When my family and I recently spent a month in Ethiopia, we felt this again vividly in the life of a dear friend -- a young leader whom I respect as much as any in his generation. Belay was orphaned as a child after his mother was murdered. He grew up in an orphanage and faced traumatic encounters again and again. He’d have every reason to frame his life with these experiences.

Yet the primary frame through which Belay interprets his story is not trauma, but the deepest truths of Scripture. He speaks openly of very hard things he experienced and laments them. However, he does not view them as defining, whether of his own life or of reality itself.

Rather, Belay believes that God can use even the most painful things for good.

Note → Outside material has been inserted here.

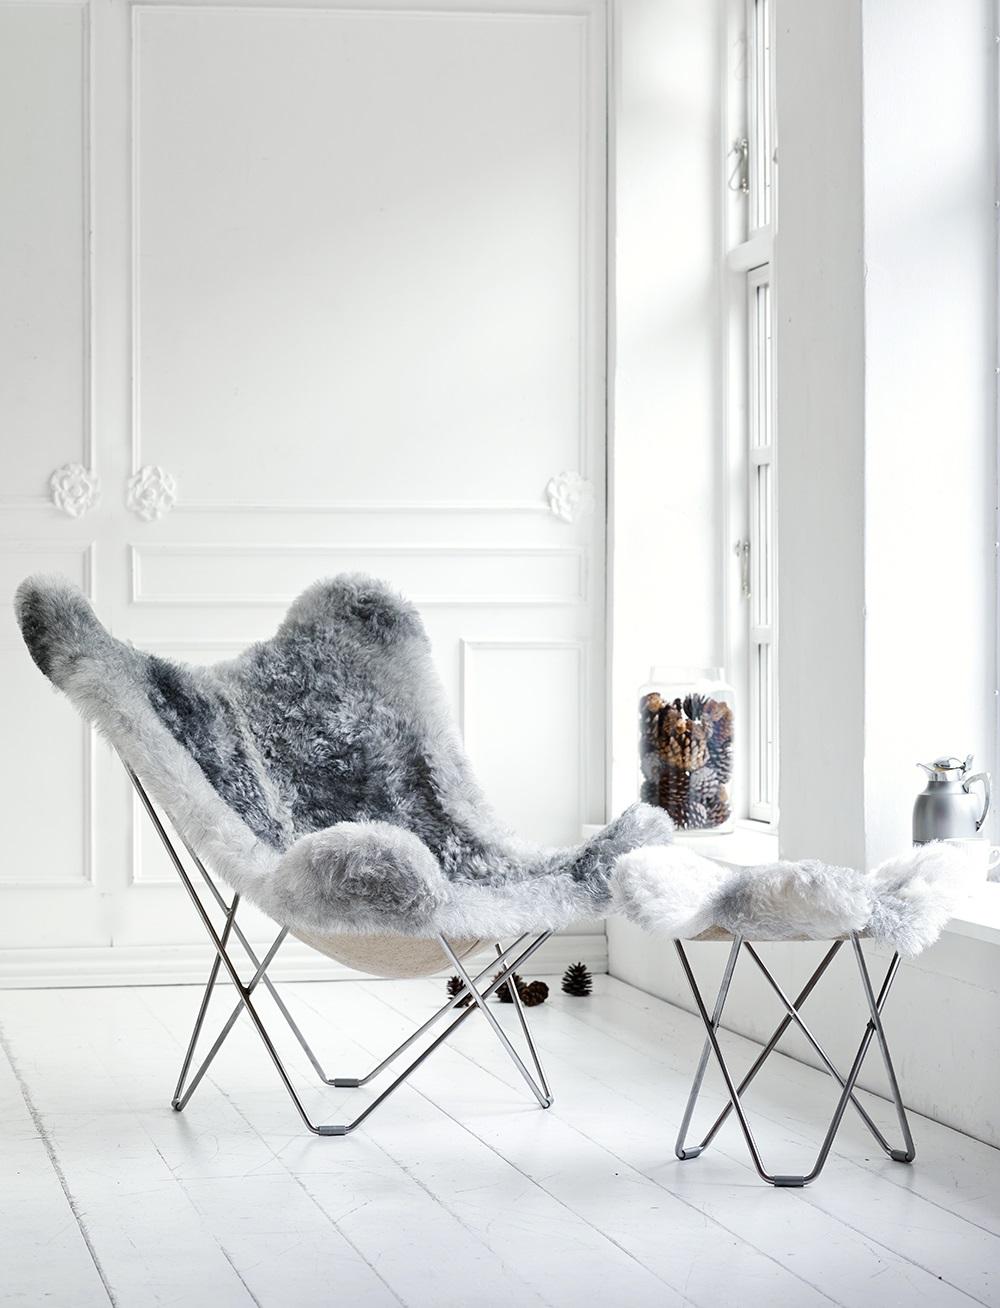 Butterfly chair | źródło: cosyandthegang.tumblr.com
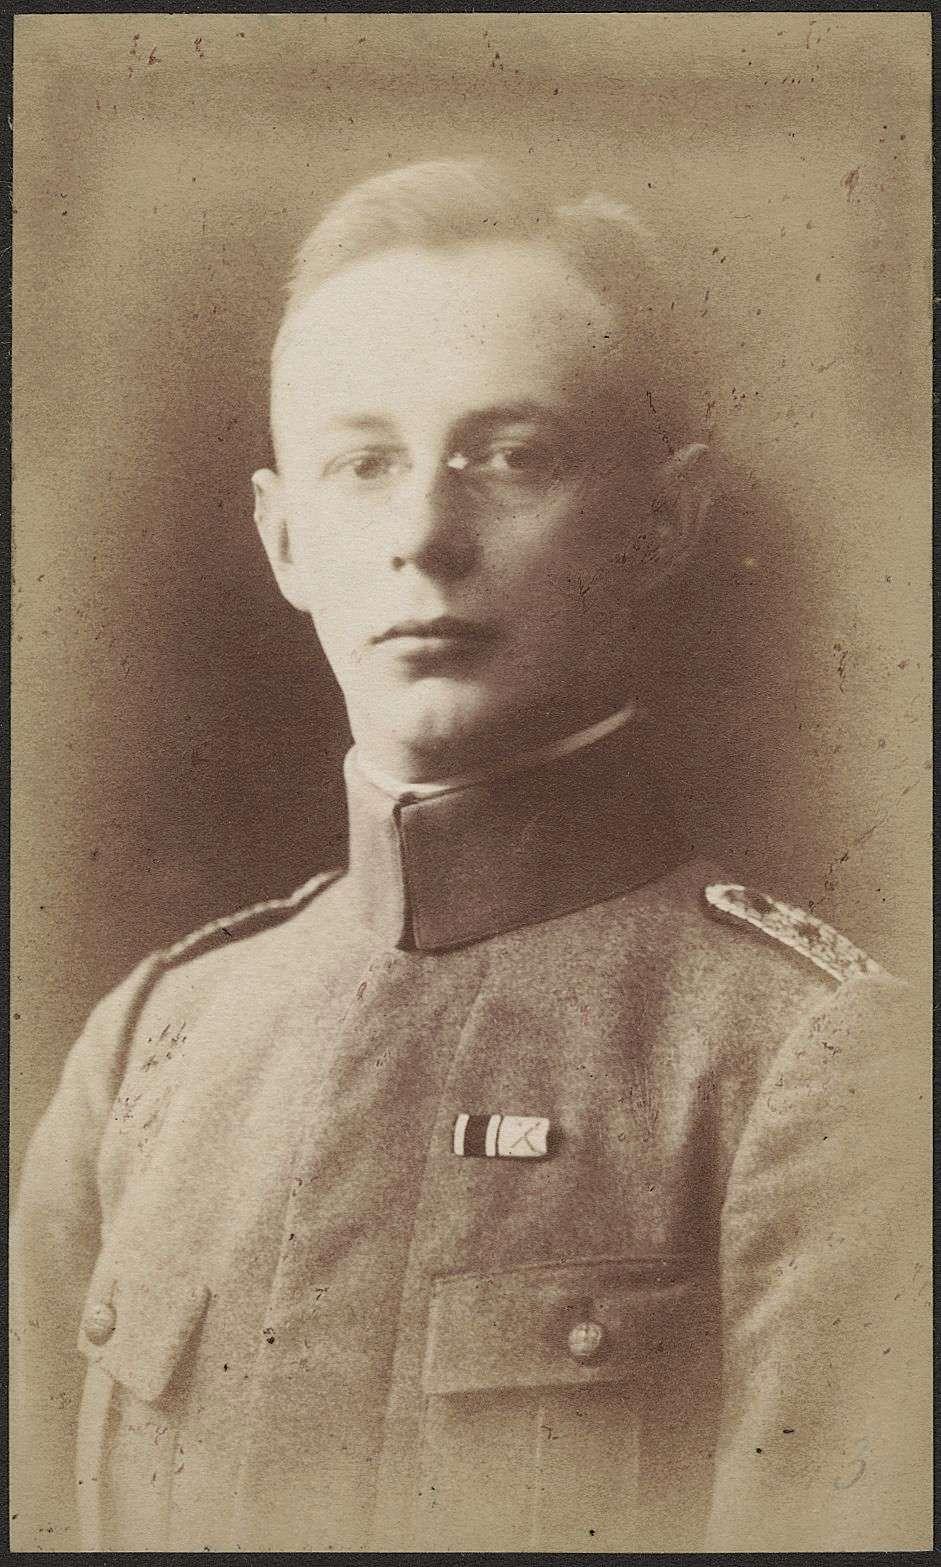 Böhringer, Georg, Bild 1

He’s experienced this first in himself and then through him, including the truly beautiful ministry he leads caring for orphans and vulnerable children. He’s observed how the great adversities he’s faced produced many of the strengths and gifts he now has to offer. And he believes that one of his most important roles in the lives of the children he serves is to help them interpret their stories through this biblical understanding as well. When they do, Belay has told me, it can make all the difference in building a resilience capable of facing our world as it really is

Let’s Plunge In

I’m confident that this excellent book will help us all to make more of that kind of difference, too -- for children and youth we love and even for adults. It may also help us interpret afresh our own lives and hardships -- past, present, and future.

Although the Bible includes trauma on most every page, it never gives trauma the final word. Right alongside every wound is the potential for healing. Alongside every hardship is a sturdy hope of overcoming, not just as survivors, but as “ more than conquerors through him who loved us” (Romans 8:37) and a blessing to others amidst a world so full of beauty and brokenness.